Unidad de Gestión Clínica de Endocrinología y Nutrición, Hospital Regional Universitario de Málaga, 29007 Malaga, Spain.
Instituto de Investigación Biomédica de Málaga (IBIMA), 29010 Malaga, Spain.
Int J Environ Res Public Health. 2022 Oct 19;19(20):13548. doi: 10.3390/ijerph192013548.
Anxiety and depression are common in patients with cancer. The aim of this study is to determine the prevalence of anxiety and depression symptoms in colorectal cancer (CRC) patients awaiting elective surgery and whether there is an association with their preoperative nutritional status and postoperative mortality.
A prospective study was conducted on 215 patients with CRC proposed for surgery. Data about nutritional status were collected using the Global Leadership Initiative on Malnutrition (GLIM) criteria, while anxiety and depression symptoms data were collected using Hospital Anxiety and Depression Scale (HADS).

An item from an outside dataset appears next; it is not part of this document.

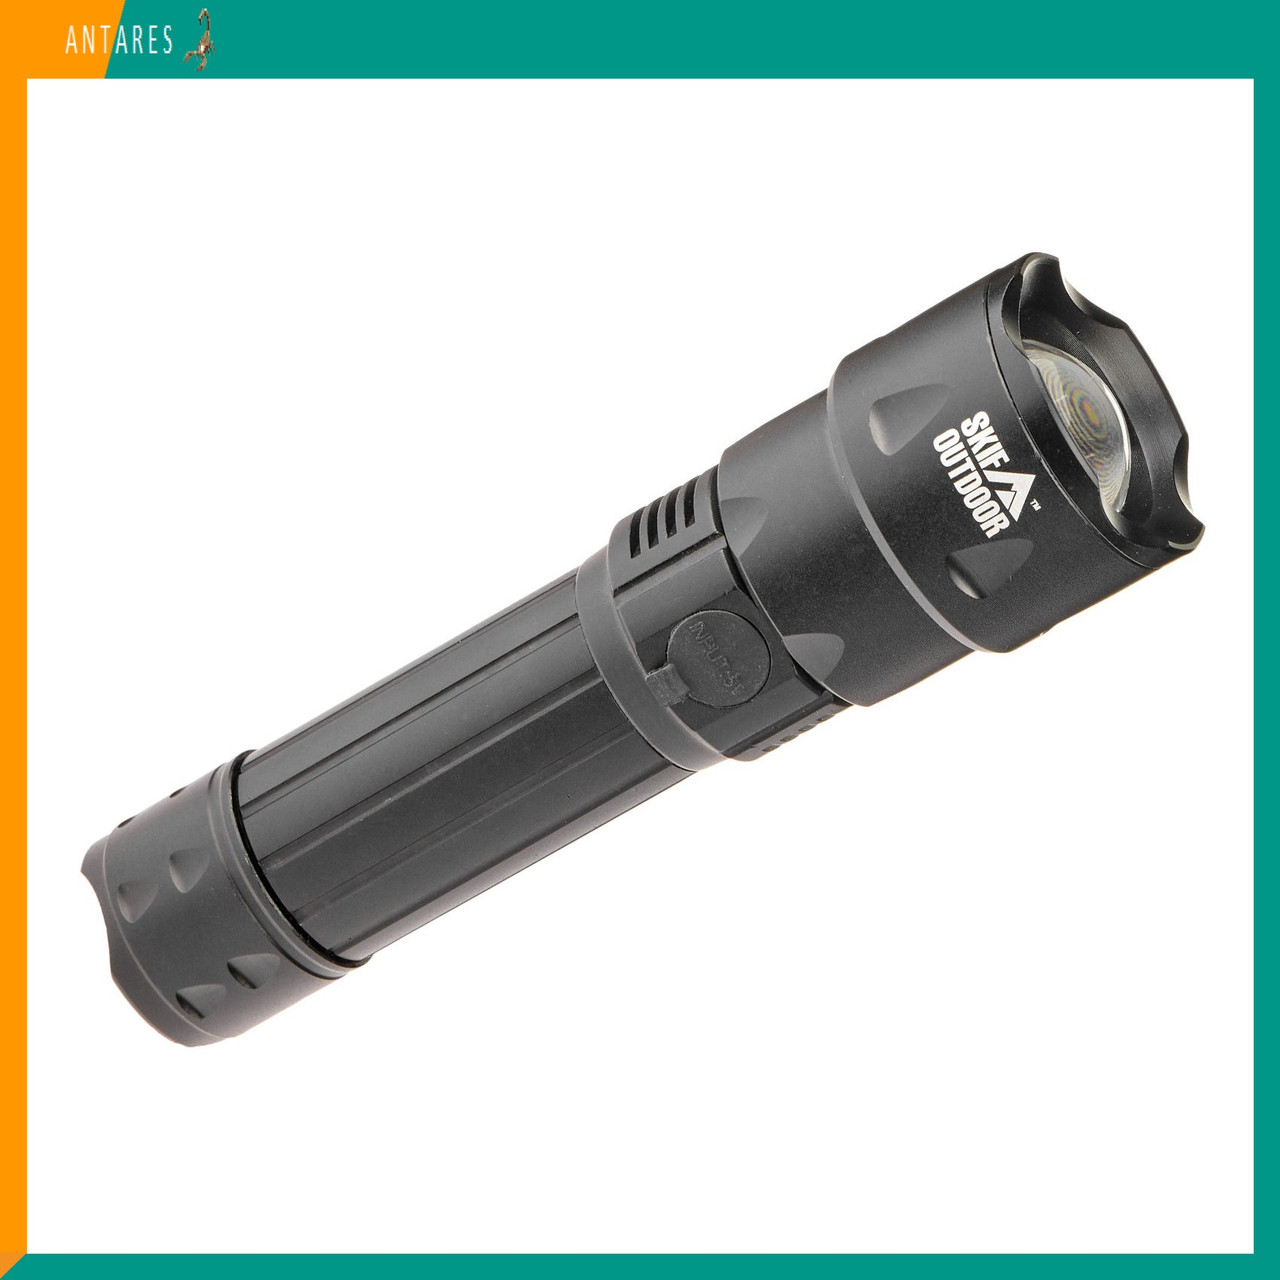 Ліхтар туристичний Skif Outdoor Focus II (HQ-202) ручний світлодіодний акумулятор фокусування бризкозахист Скіф Фокус 2

HADS detected possible anxiety in 41.9% of patients, probable anxiety in 25.6%, possible depression in 21.9%, and probable depression in 7.9%. GLIM criteria found 116 (53.9%) patients with malnutrition. The HADS score for depression subscale was significantly higher in malnourished patients than in well-nourished (5.61 ± 3.65 vs. 3.95 ± 2.68; = 0.001). After controlling for potential confounders, malnourished patients were 10.19 times more likely to present probable depression (95% CI 1.13-92.24; = 0.039). Mortality was 1.9%, 4,2%, and 5.6% during admission and after 6 and 12 months, respectively. Compared to patients without depressive symptomatology, in patients with probable depression, mortality risk was 14.67 times greater (95% CI 1.54-140.21; = 0.02) during admission and 6.62 times greater (95% CI 1.34-32.61; = 0.02) after 6 months.
The presence of anxiety and depression symptoms in CRC patients awaiting elective surgery is high. There is an association between depression symptoms, preoperative nutritional status, and postoperative mortality.
焦虑和抑郁在癌症患者中很常见。本研究旨在确定接受择期手术的结直肠癌(CRC)患者中焦虑和抑郁症状的患病率,以及它们与术前营养状况和术后死亡率之间是否存在关联。
对 215 例拟行手术的 CRC 患者进行前瞻性研究。使用全球营养不足倡议(GLIM)标准收集营养状况数据,使用医院焦虑和抑郁量表(HADS)收集焦虑和抑郁症状数据。
HADS 检测到 41.9%的患者可能存在焦虑,25.6%的患者可能存在焦虑,21.9%的患者可能存在抑郁,7.9%的患者可能存在抑郁。GLIM 标准发现 116 例(53.9%)营养不良患者。营养不良患者的 HADS 抑郁分量表评分明显高于营养良好的患者(5.61 ± 3.65 比 3.95 ± 2.68;= 0.001)。在控制潜在混杂因素后,营养不良患者出现可能抑郁的可能性是营养良好患者的 10.19 倍(95%CI 1.13-92.24;= 0.039)。住院期间及 6 个月和 12 个月后死亡率分别为 1.9%、4.2%和 5.6%。与无抑郁症状的患者相比,在可能有抑郁症状的患者中,住院期间的死亡率是其 14.67 倍(95%CI 1.54-140.21;= 0.02),6 个月后的死亡率是其 6.62 倍(95%CI 1.34-32.61;= 0.02)。
接受择期手术的 CRC 患者中焦虑和抑郁症状的发生率较高。抑郁症状、术前营养状况与术后死亡率之间存在关联。